Except he didn't. Instead, even when at his lowest point and in utter torment, he did what he always did. He went to watch the other love of his life at play -- Manchester United Football Club.

"I know, I know," he said, when it was suggested that it sounds a bit mad that he should have disappeared off to nearby Leigh to watch a Manchester United under-21 match while Frances might have been at death's door.

"But it got my head straight. I found solace in going to see United that night. It gave me a bit of a break from the pressure, as it often has down the years," he mused. "Because you see, for me, watching United has been a way of life for over half a century."

And what a way of life. Frances knew it better than anyone. Her Peter was renowned for being perhaps United's most obsessively devoted fan, the chirpy character who, at soccer stadiums in 40 countries on five continents for 40 years, had unfurled a celebrated flag bearing the simple legend: ONE LOVE, MUFC.

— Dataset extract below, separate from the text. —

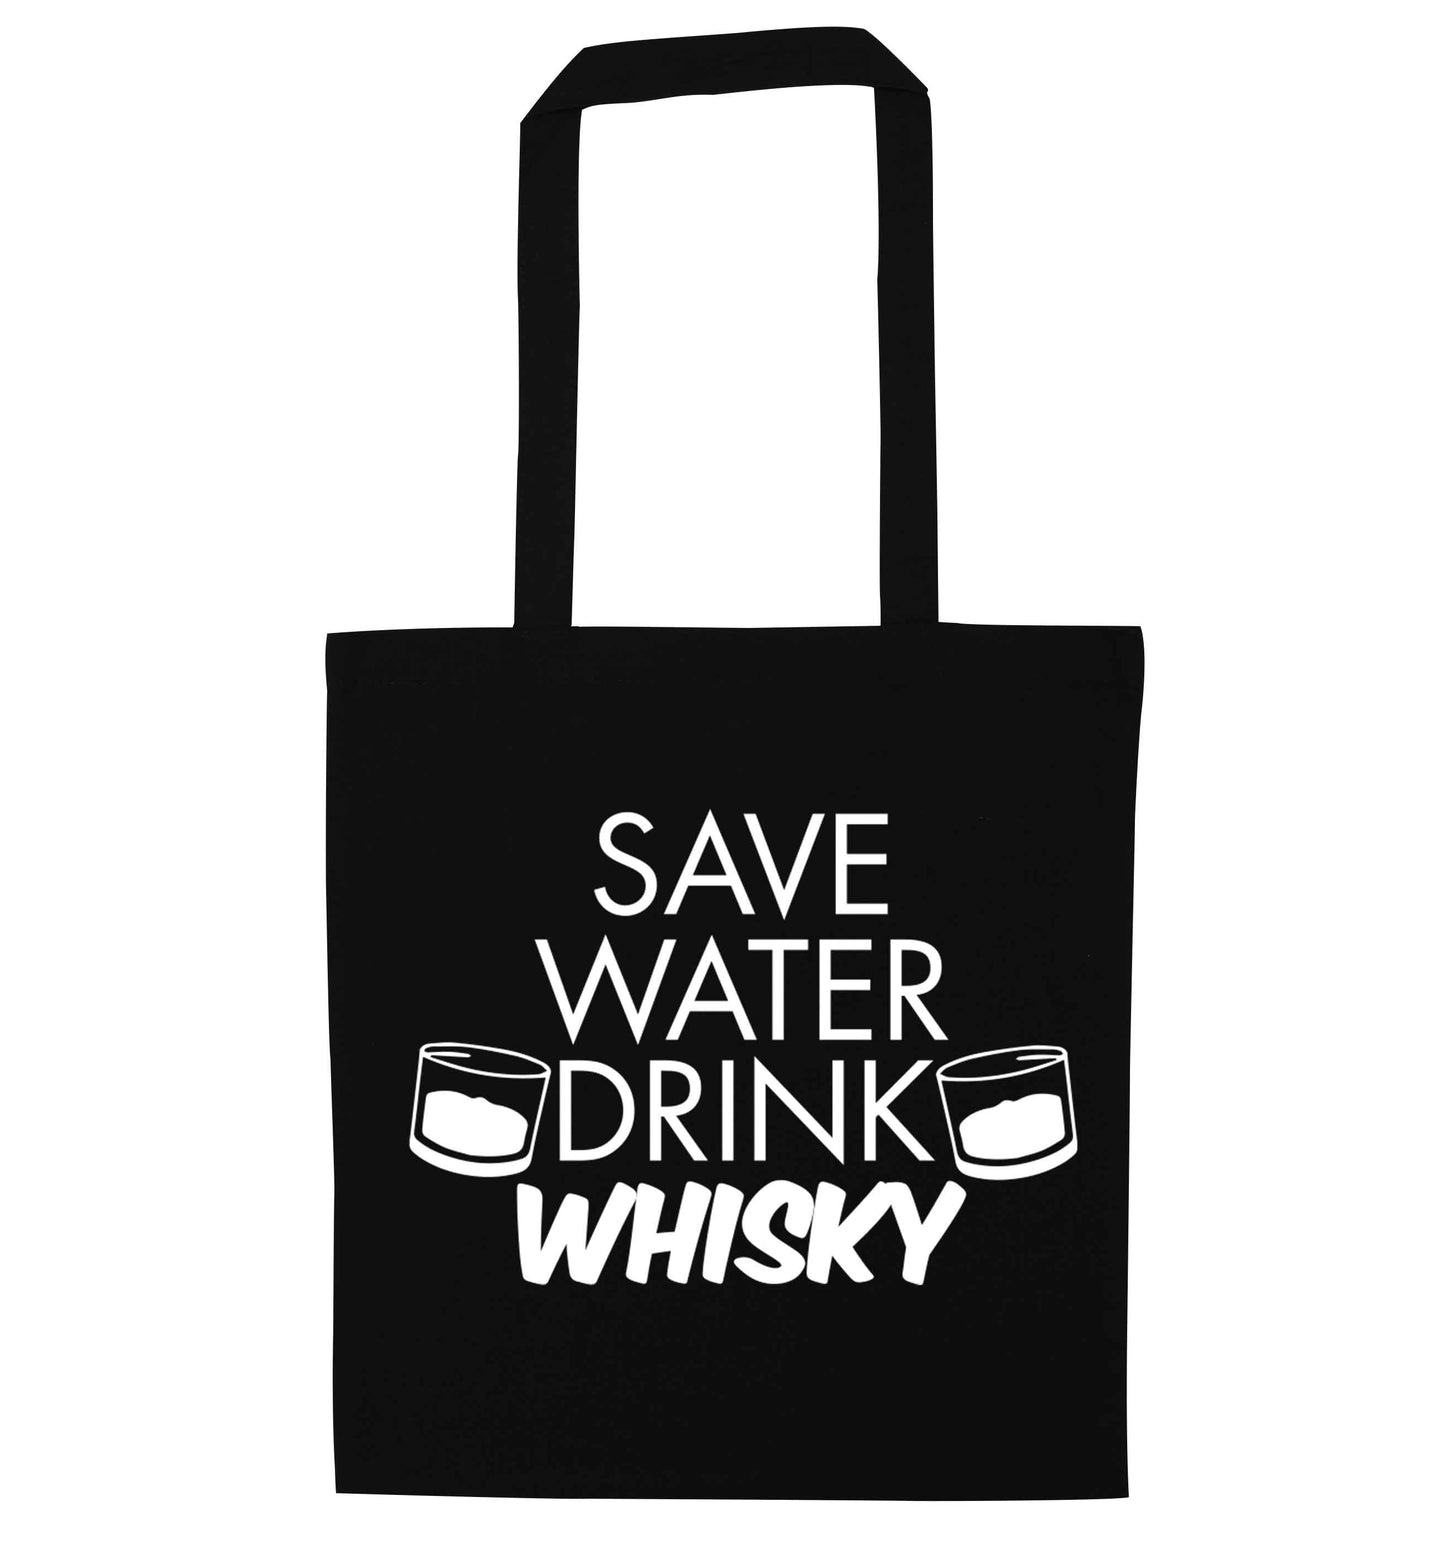 Save water drink whisky black tote bag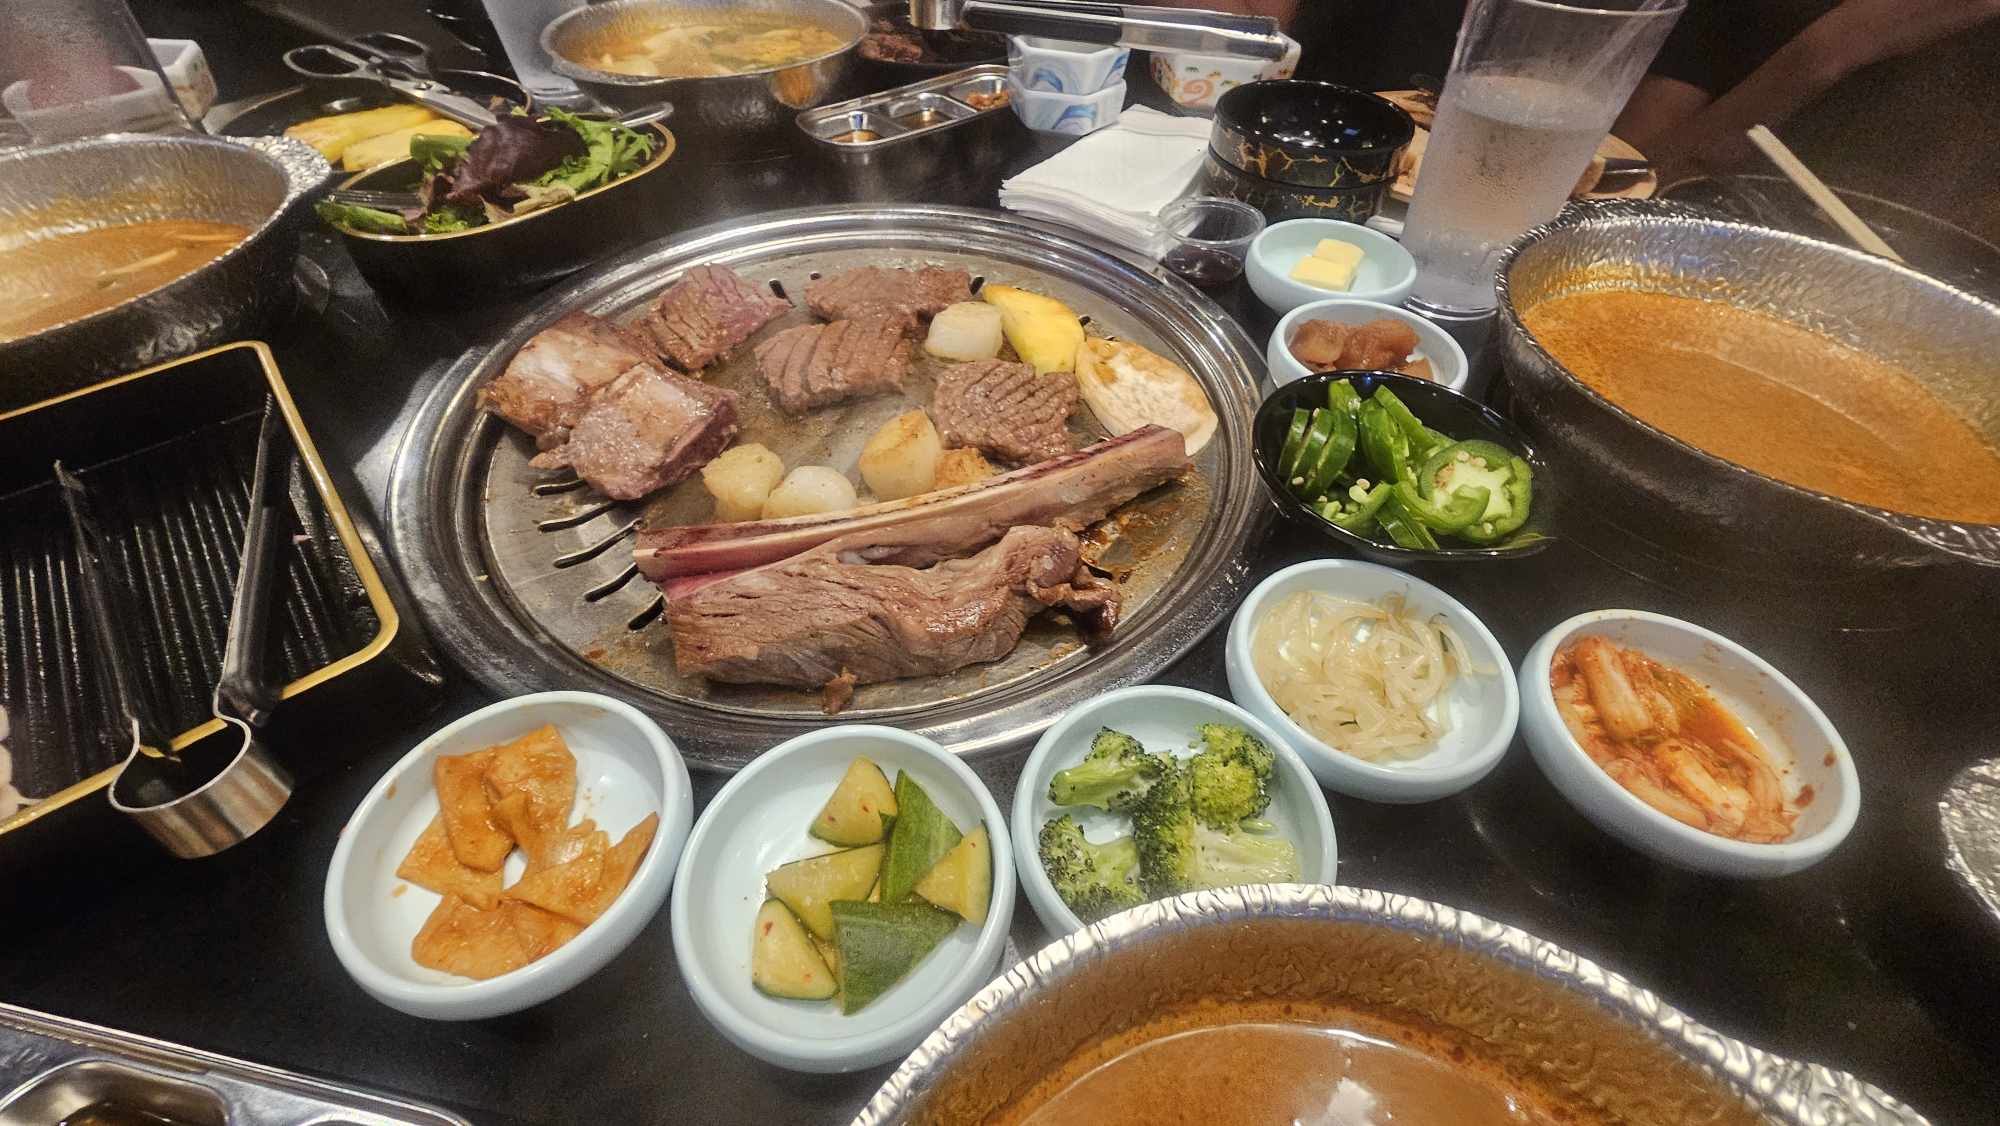 The Hungry Cow in Fremont serves Korean BBQ and Shabu-Shabu hotpot for dinner. Taken on June 8.

"Oh, no wonder she's never liked that flag, but 'three loves' just wouldn't really work on the flag," chuckled Bolton, recalling that dreadful day when he was reminded again who his true loves really were -- Frances and their daughter, Ann-Marie, who has severe developmental and physical disabilities resulting from a rare genetic disorder, Rett syndrome.

So when United's youngsters beat their fiercest rivals, Liverpool, 2-1 that night two years ago -- normally a reason for Bolton to be in absolute raptures -- he sat alone in silence at the game, fearing for the future if Frances lost her battle.

Mercifully, she didn't. She survived, but the stroke left her paralysed down her right side and with serious speech and mobility limitations. It was going to be a long road to recovery, and though she has improved slowly, Bolton's life was transformed too that day.

"I was a taxi driver, had been for 30 years, but that was the day I gave up work, then sold my taxi and had the house adapted. I'm now officially her carer," he explained.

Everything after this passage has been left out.